As China's middle class grows, the country is using more corn as feed for livestock to produce meat, and in food products like sweeteners.

But the confirmation of a big sale renewed concerns that Chinese demand could stretch already-tight U.S. inventories of corn, and shot futures prices above their trading range of the last two weeks. Corn for May delivery closed 29 cents higher at $6.53 a bushel Friday at the Chicago Board of Trade.

"It's quite clear that the Chinese are going to need to be in this market, and continue to need to make purchases going forward," Jason McKibben, an analyst with commodities brokerage AgriSource Inc., in West Des Moines, Iowa.

The U.S. Department of Agriculture on Friday said private exporters reported selling 1.44 million metric tons of corn for delivery to "unknown destinations" during the 2012-13 marketing year, which begins Sept. 1. Analysts assume the buyer is China.

Only five other corn sales have been larger since the USDA instituted its reporting system in 1977, including two sales to the Soviet Union in 1989 and 1991, two sales to unknown buyers in 1979 and a sale to China in 1994.

The USDA on Friday also reported another 120,000 metric tons of corn sold for delivery to China--as a confirmed buyer--in the current marketing year.

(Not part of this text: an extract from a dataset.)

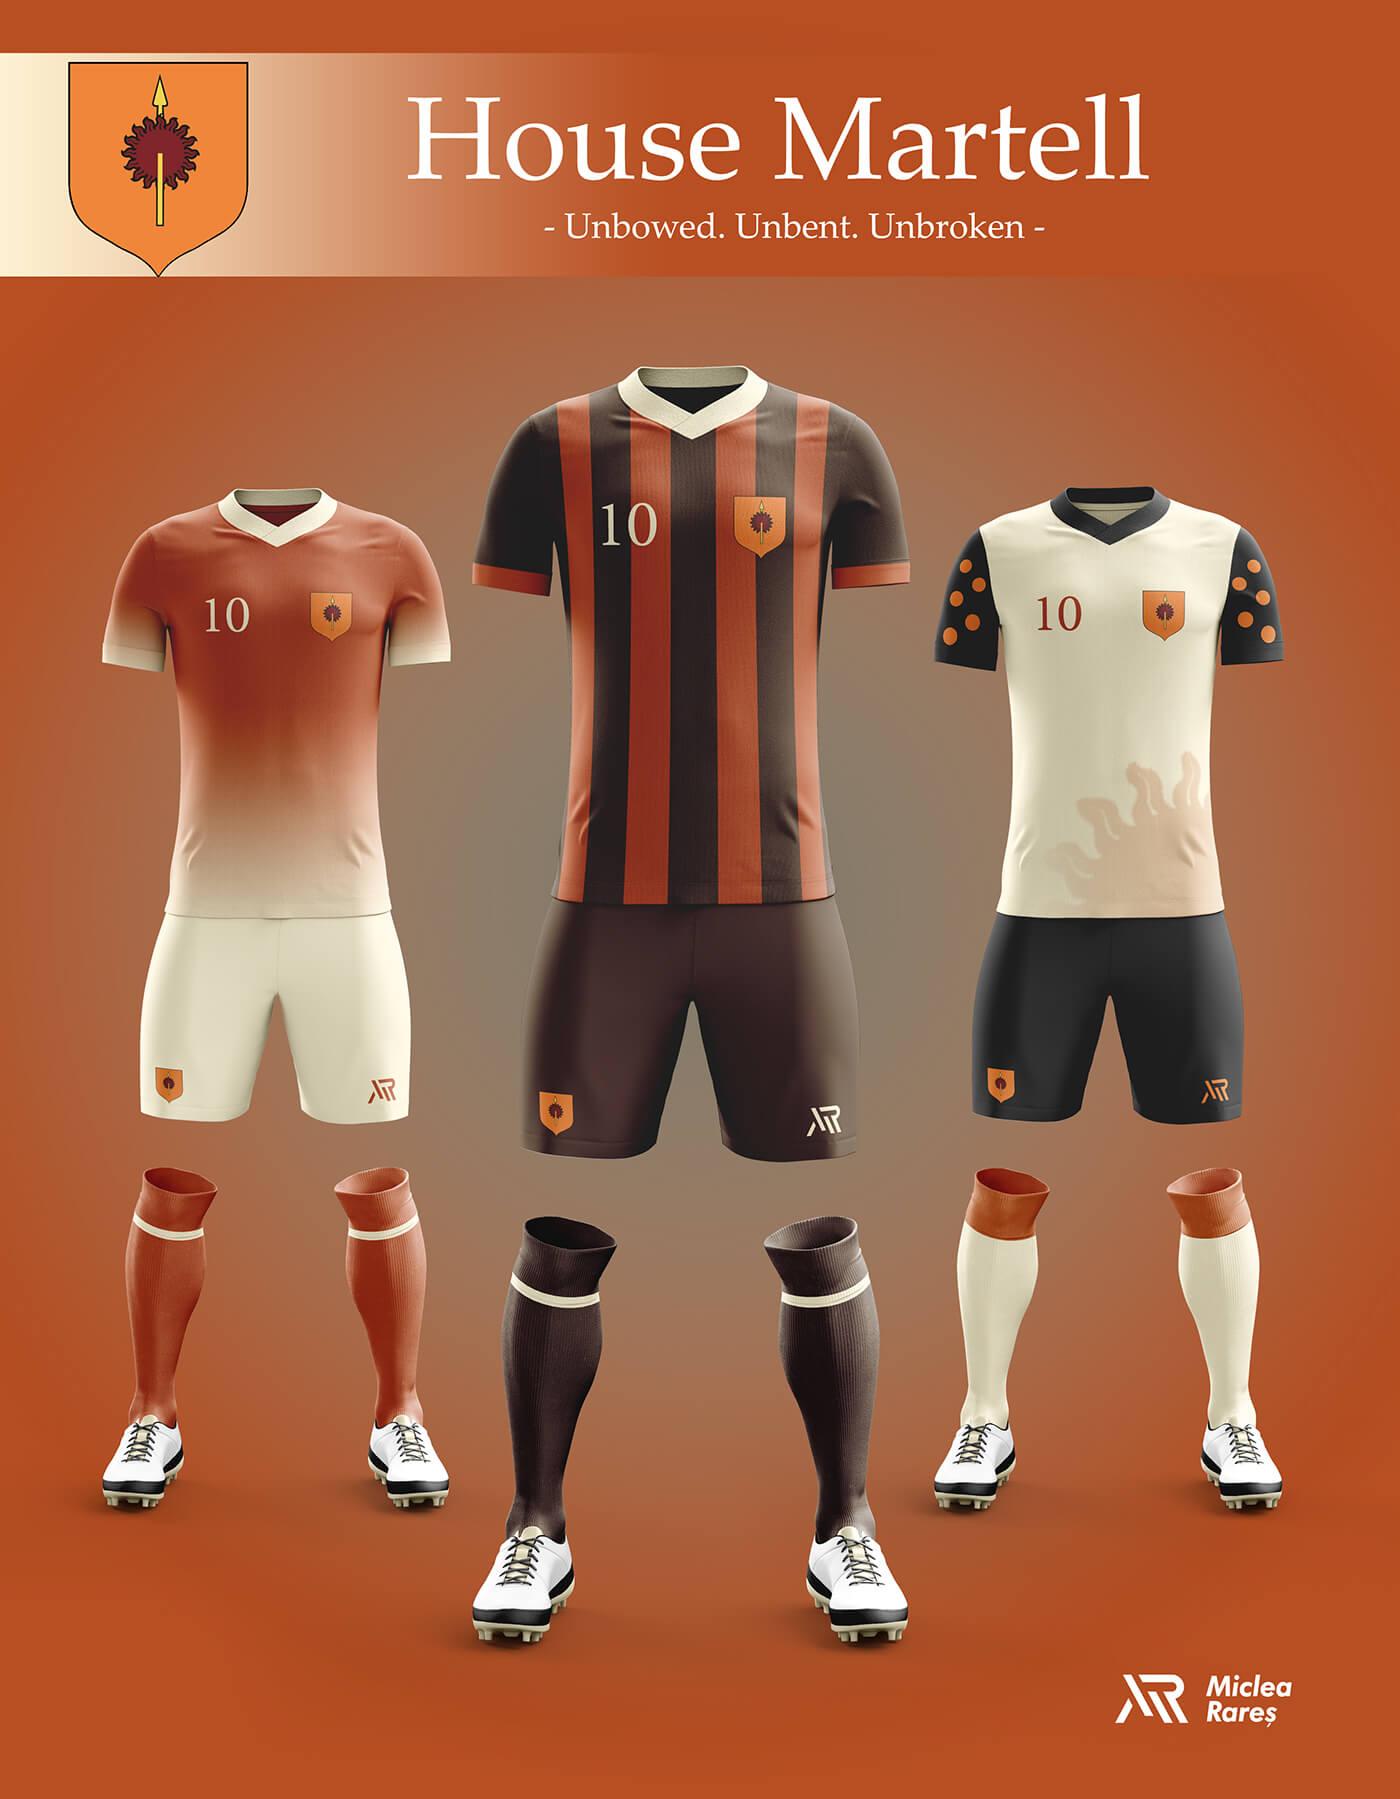 Уникальный дизайн футбольной экипировки Игры престолов, фото 6

The sales capped a string of corn export-sale announcements by the USDA this week. In total since Monday, the USDA has reported corn export sales of 2.84 million metric tons to China or unknown buyers.

July corn futures, the most actively traded contract, closed up 18 cents at $6.25 1/2 a bushel Friday. December corn rose by less than the May and July contracts, however, as traders expect a large U.S. crop this year to help replenish supplies. December futures closed up 3 3/4 cents at $5.38 3/4 a bushel.

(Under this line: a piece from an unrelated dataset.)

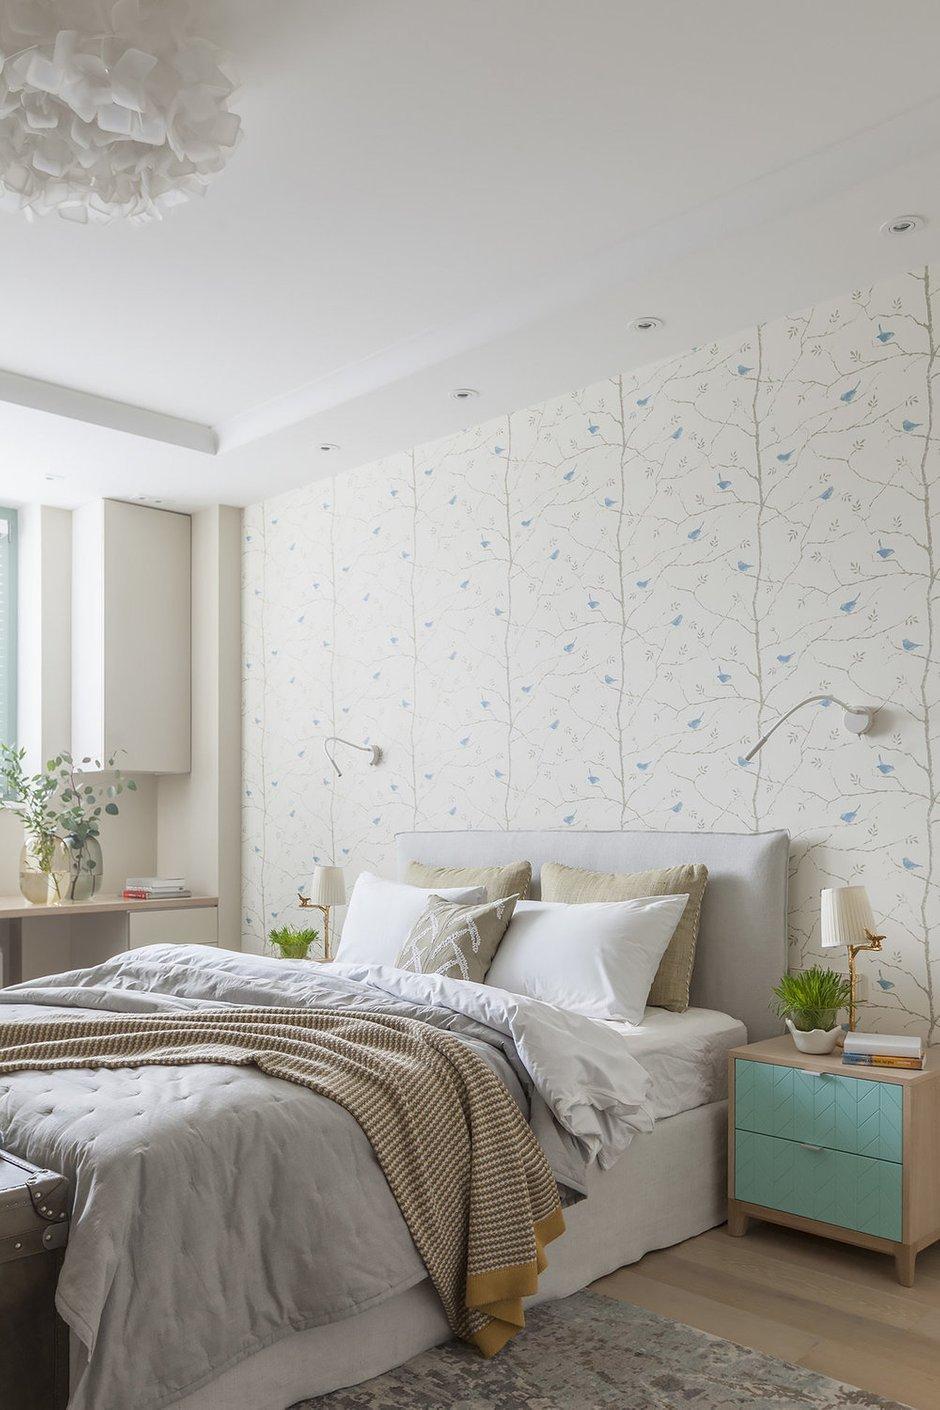 Фотография: Спальня в стиле Современный, Квартира, Проект недели, Москва, 2 комнаты, 60-90 метров, Виктория Скоробогатько – фото на INMYROOM

China's purchases of U.S. corn have been irregular in past years, but many analysts expect them to become more consistent. In the first quarter this year, China's corn imports surged to nearly the volume imported in the whole of 2011. The U.S. accounted for almost all of the trade.

Corn pulled wheat futures higher. CBOT May wheat rose 16 1/4 cents to $6.42 1/4 a bushel. Kansas City Board of Trade May wheat rose 7 1/4 cents to $6.46 1/2 a bushel, and MGEX May wheat rose 6 1/4 cents to $7.74.